Kein Adventsmarkt in Deidesheim

Der Weihnachtsmarkt in Deidesheim fällt in diesem Jahr dagegen aus. Das hat der Stadtrat bereits Anfang September beschlossen. Die Verantwortlichen sind davon überzeugt, dass sich die geltenden Hygiene- und Abstandsregeln bei großem Andrang nicht einhalten lassen.

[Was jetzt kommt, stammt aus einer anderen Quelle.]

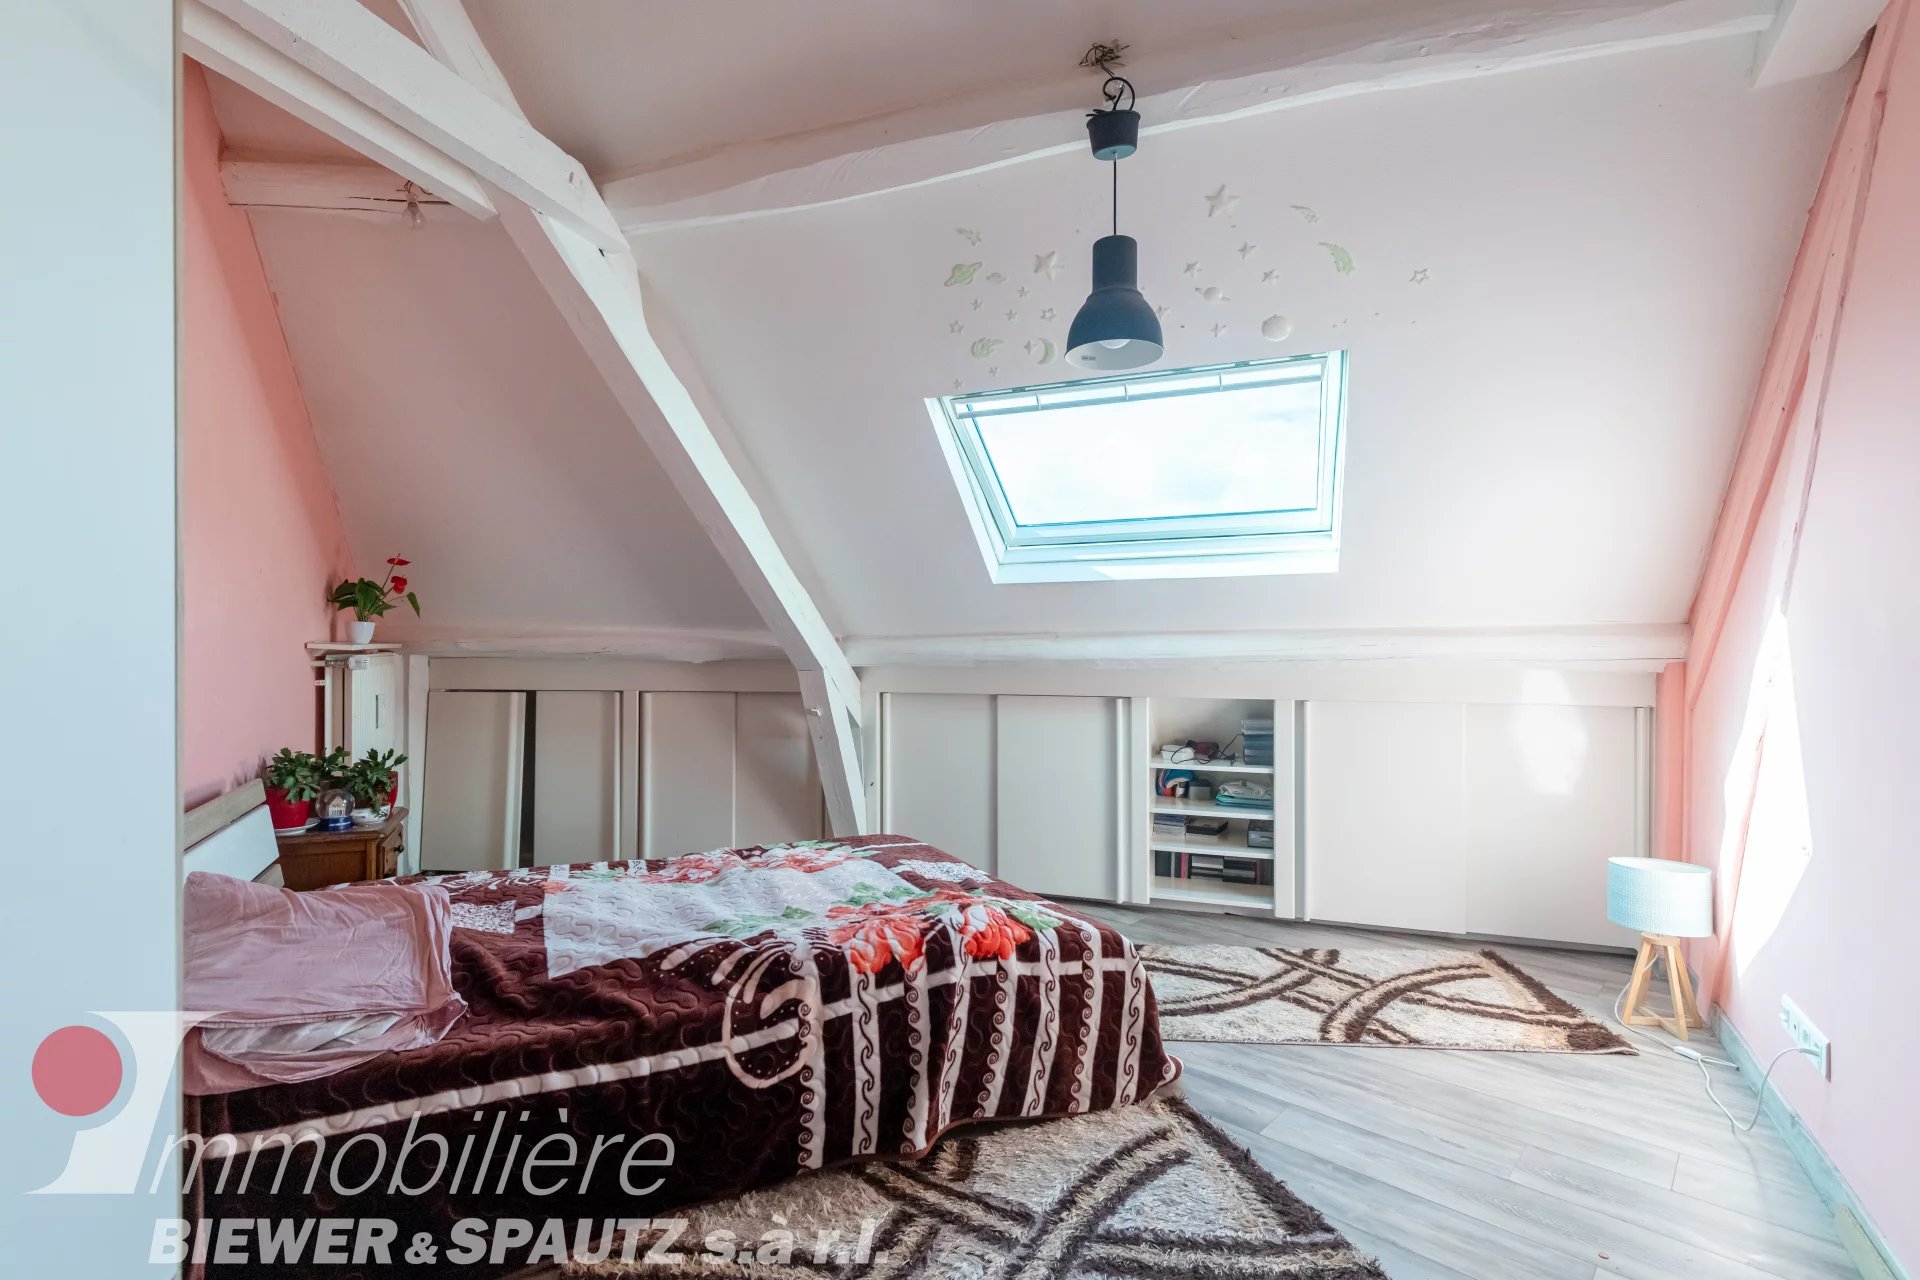 FOR SALE - 1 bedroom flat in Echternach

Marktplatz in Deidesheim (Foto: Pressestelle, Tourist Service GmbH, Deidesheim)
Der Deidesheimer Advent fand traditionell immer an den vier Adventswochenenden statt Pressestelle Tourist Service GmbH, Deidesheim

Ludwigshafen erarbeitet Weihnachtsmarkt-Konzept

In Ludwigshafen arbeitet man derzeit mehrere Weihnachtsmarkt-Varianten aus. Die Stadt wolle den Schaustellern auf jeden Fall eine Gelegenheit bieten, trotz Corona Geld zu verdienen. Die Schausteller am Berliner Platz klagten bereits im vergangenen Jahr über deutlich weniger Umsatz durch die einsturzgefährdete Hochstraße Süd. Wegen ihr waren die Unterführungen zum Berliner Platz gesperrt und die Bus- und Bahnhaltestellen dort gesperrt. Dadurch sei deutlich weniger Kundschaft gekommen als sonst.

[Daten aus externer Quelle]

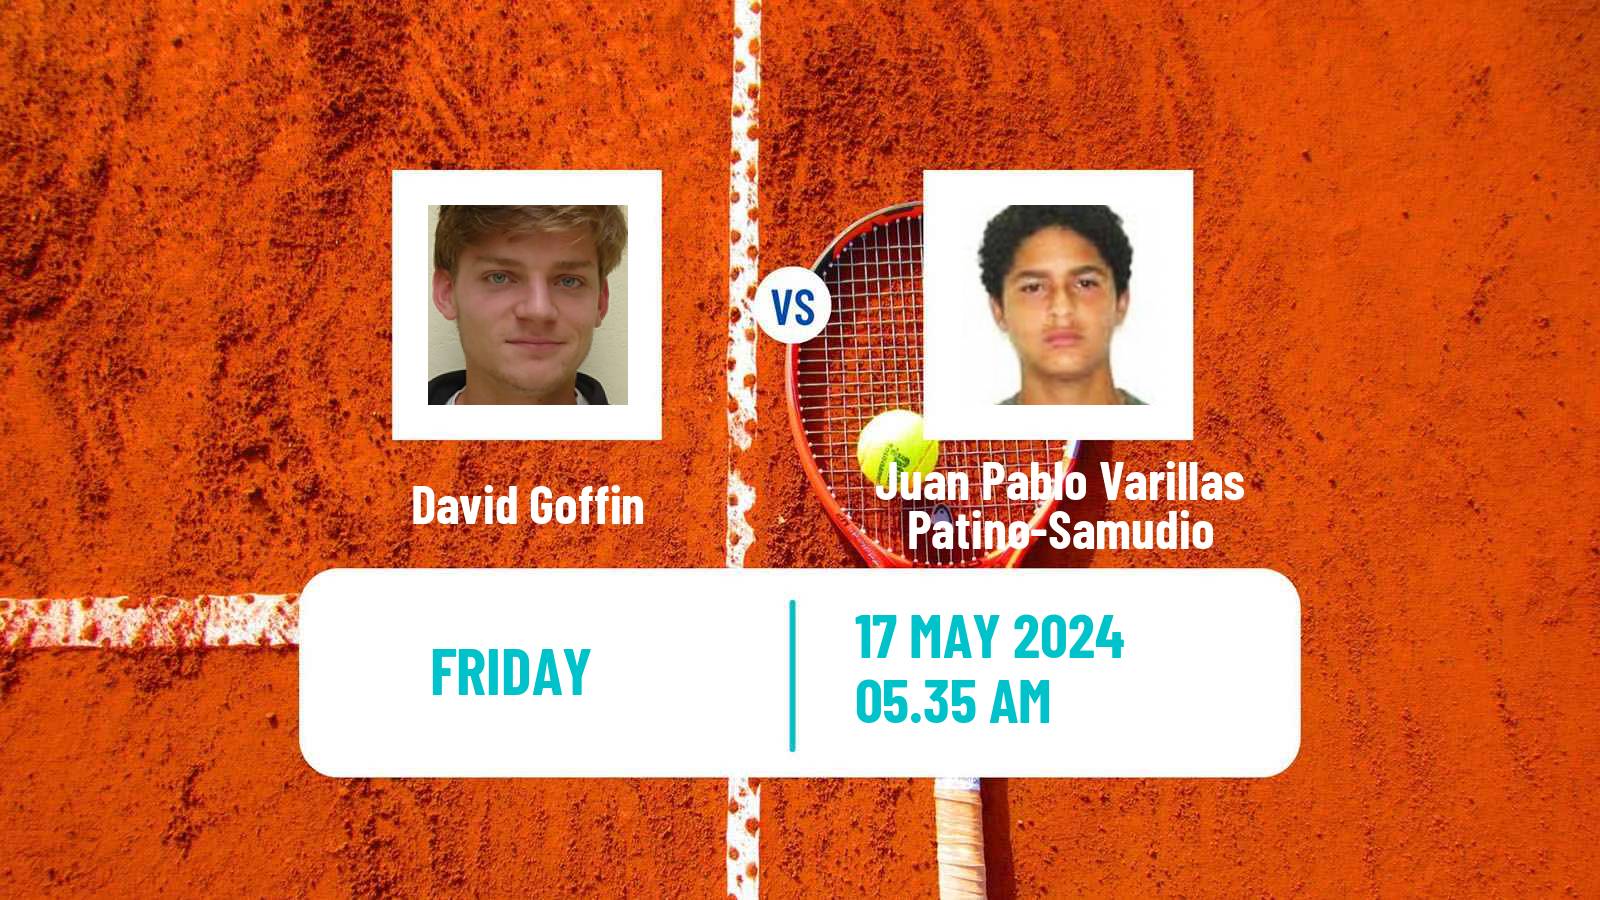 Tennis Turin 2 Challenger Men David Goffin - Juan Pablo Varillas Patino-Samudio

Weihnachtsmarkt in Ludwigshafen (Foto: SWR)
Weihnachtsmarkt auf dem Berliner Platz in Ludwigshafen

Schwetzinger Weihnachtsmarkt fällt aus

Auch in Schwetzingen wird es in diesem Jahr keinen Weihnachtsmarkt geben. Das teilte die Stadt bereits im Juli mit. Wegen der Corona-Regeln des Landes sei es nicht möglich, den Weihnachtsmarkt auf dem Schlossplatz stattfinden zu lassen. Dorthin waren nach Angaben der Stadt sonst rund 30.000 Besucher pro Wochenende gekommen. Als Ersatz erarbeite man ein Konzept für 24 Aktionen an 24 Orten in der Stadt, das vor allem für die eigenen Bürger gedacht sei.

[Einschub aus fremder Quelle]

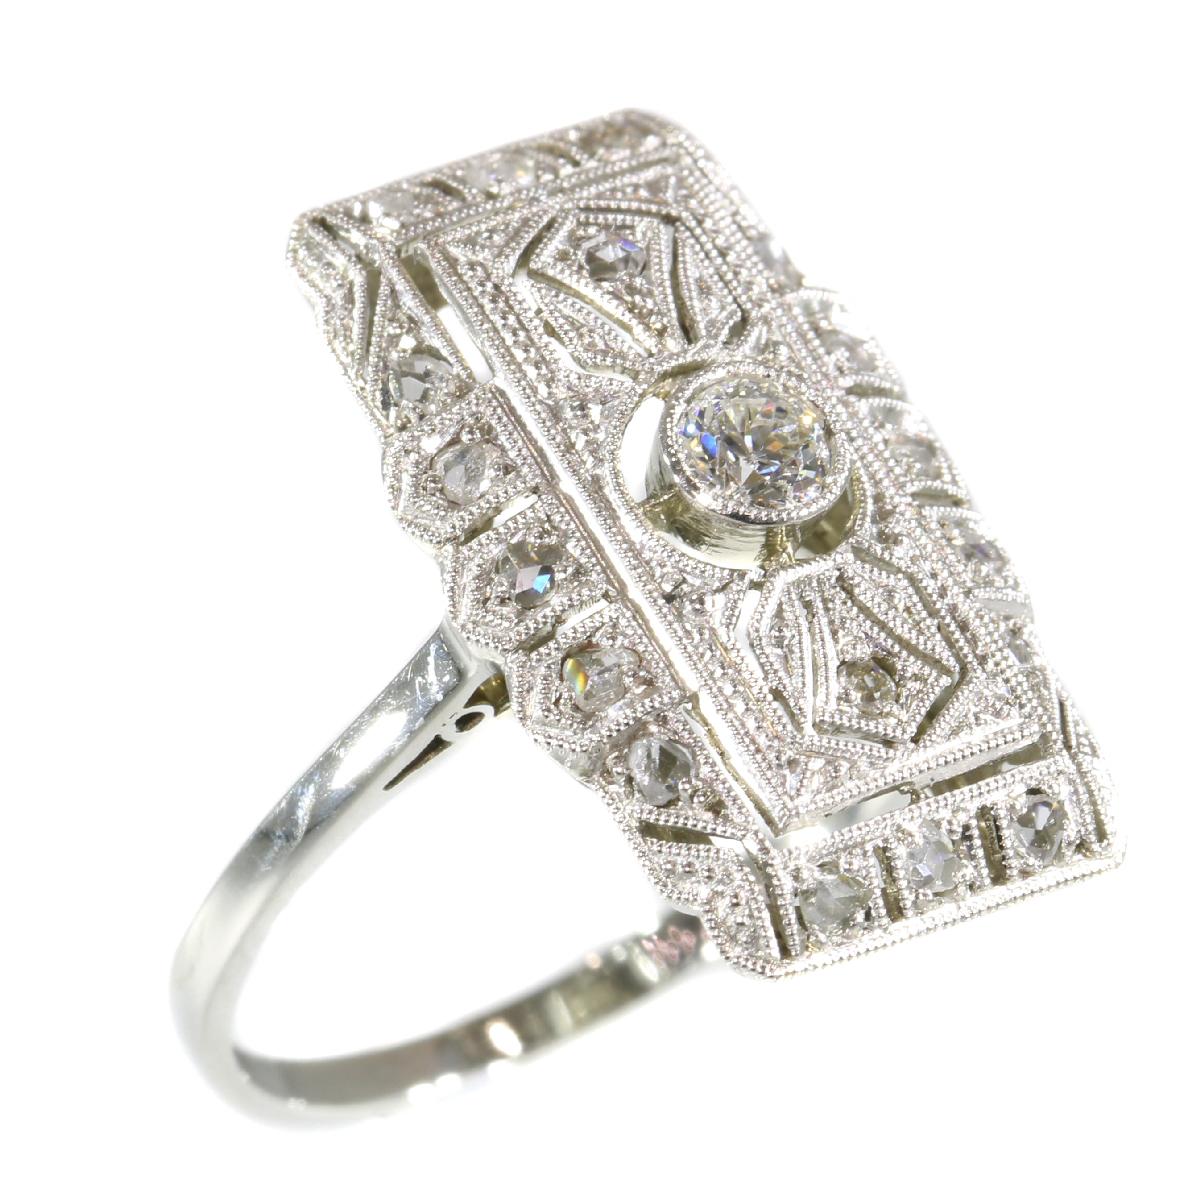  Edwardian Art Deco Diamond Engagement Ring For Sale 3

Auch in Brühl entfällt Weihnachtsmarkt

Bereits im Juni teilte die Gemeinde Brühl mit, dass auch dort der Weihnachtsmarkt in diesem Jahr ausfalle. Grund sei, dass die Corona-Abstandsregeln rund um die Villa Meixner nicht eingehalten werden können. Da der Weihnachtsmarkt in einer für Viruserkrankungen prädestinierten Zeit liege, wolle man ausschließen, dass der Ort zu einem Hotspot werde.. Durch die frühzeitige Absage hätten auch die Kunsthandwerker Planungssicherheit, da diese speziell für den Markt Objekte fertigen.